1934 film directed by Sun Yu

Sports Queen (体育皇后 (Tǐyù Huánghòu)), also known as Queen of Sports and The Athletic Queen, is a 1934 Chinese film directed by Sun Yu, starring Li Lili and Zhang Yi. The film revolves around a girl who arrives in Shanghai to devote her talents to athletics and is almost led astray by college boys. She is put back on track by her coach and she understands of the idea of "true sportsmanship (体育真精神)".

Sun Yu made a series of films featuring the image of "bonny girls", which not only entertained the audiences at the time, but advocated the spirit of "sports saving the nation" in the social and political context of 1930s' China. The film was made to coincide with the 1934 Far Eastern Championship Games (the precursor to the Asian Games) in Shanghai.

== Plot ==
The story begins with Lin Ying (Li Lili), a free-spirited girl who comes from a wealthy, rural family from Shanghai. She is initially set up with a suitor, but after displaying outstanding athletic prowess, she goes to attend a specialist school for female athletes, who all compete for the title "Queen of Sports".

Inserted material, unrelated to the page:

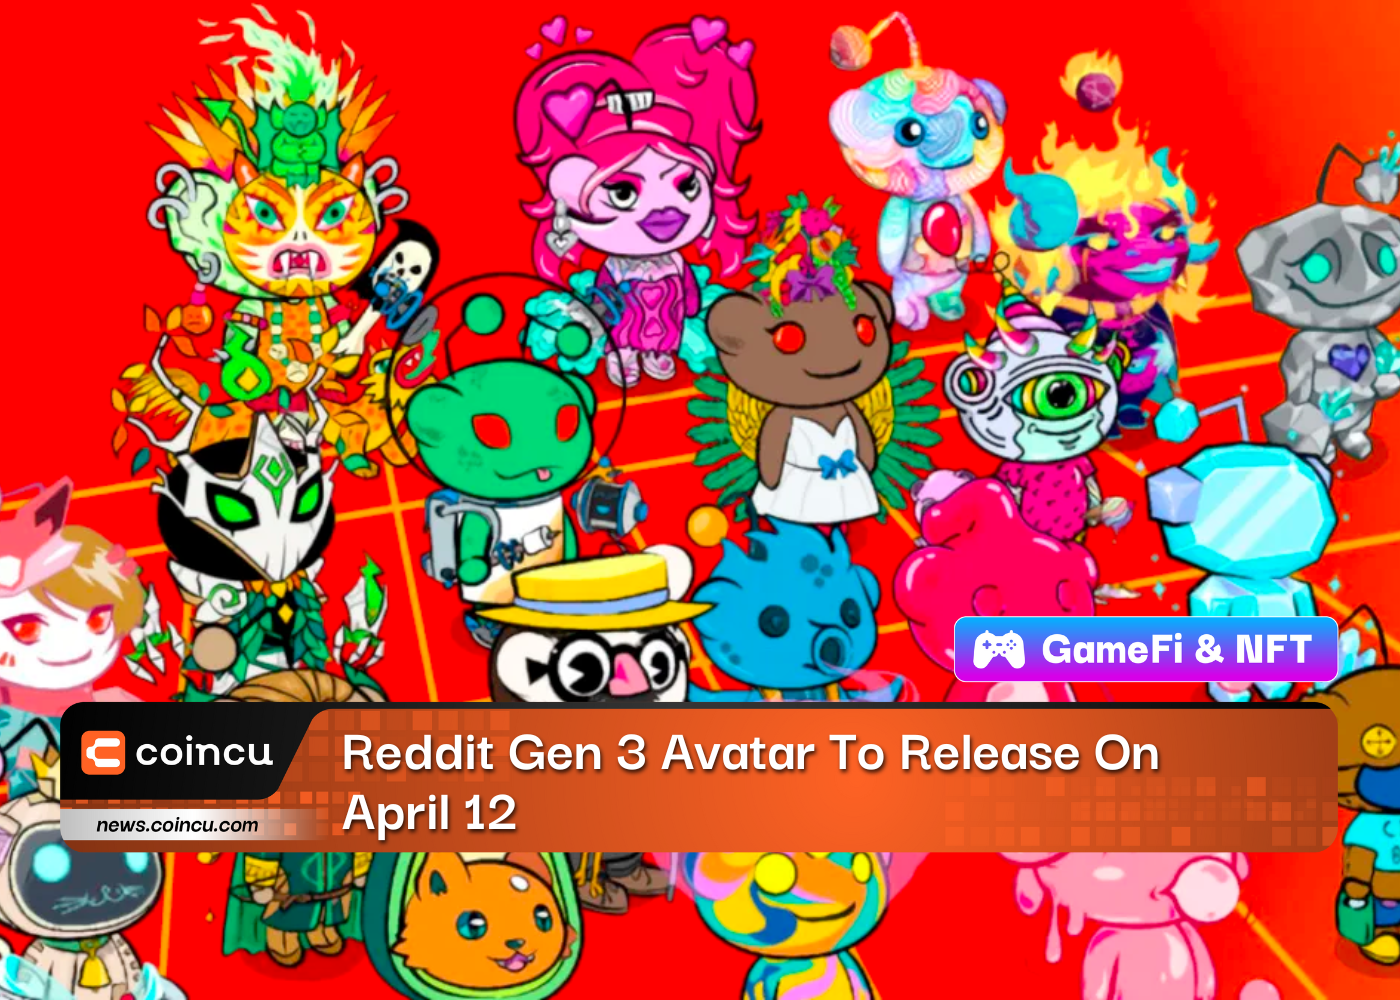 Reddit Gen 3 Avatar To Release On April 12

Inspired by the noble conviction that China will become a stronger country if all the people were to strengthen their bodies, Lin Ying works hard to become an outstanding sprinter. However, she becomes spoiled by success and becomes arrogant and neglectful of her studies. She begins to associate herself with westernized college boys who spend their time drinking, smoking, and dancing. At a party, Hu Shaoyuan (He Feiguang) tries to grope Lin several times. Her coach, Yun Peng (Zhang Yi), rescues her. After this experience, she vows to change her ways and continues to work hard.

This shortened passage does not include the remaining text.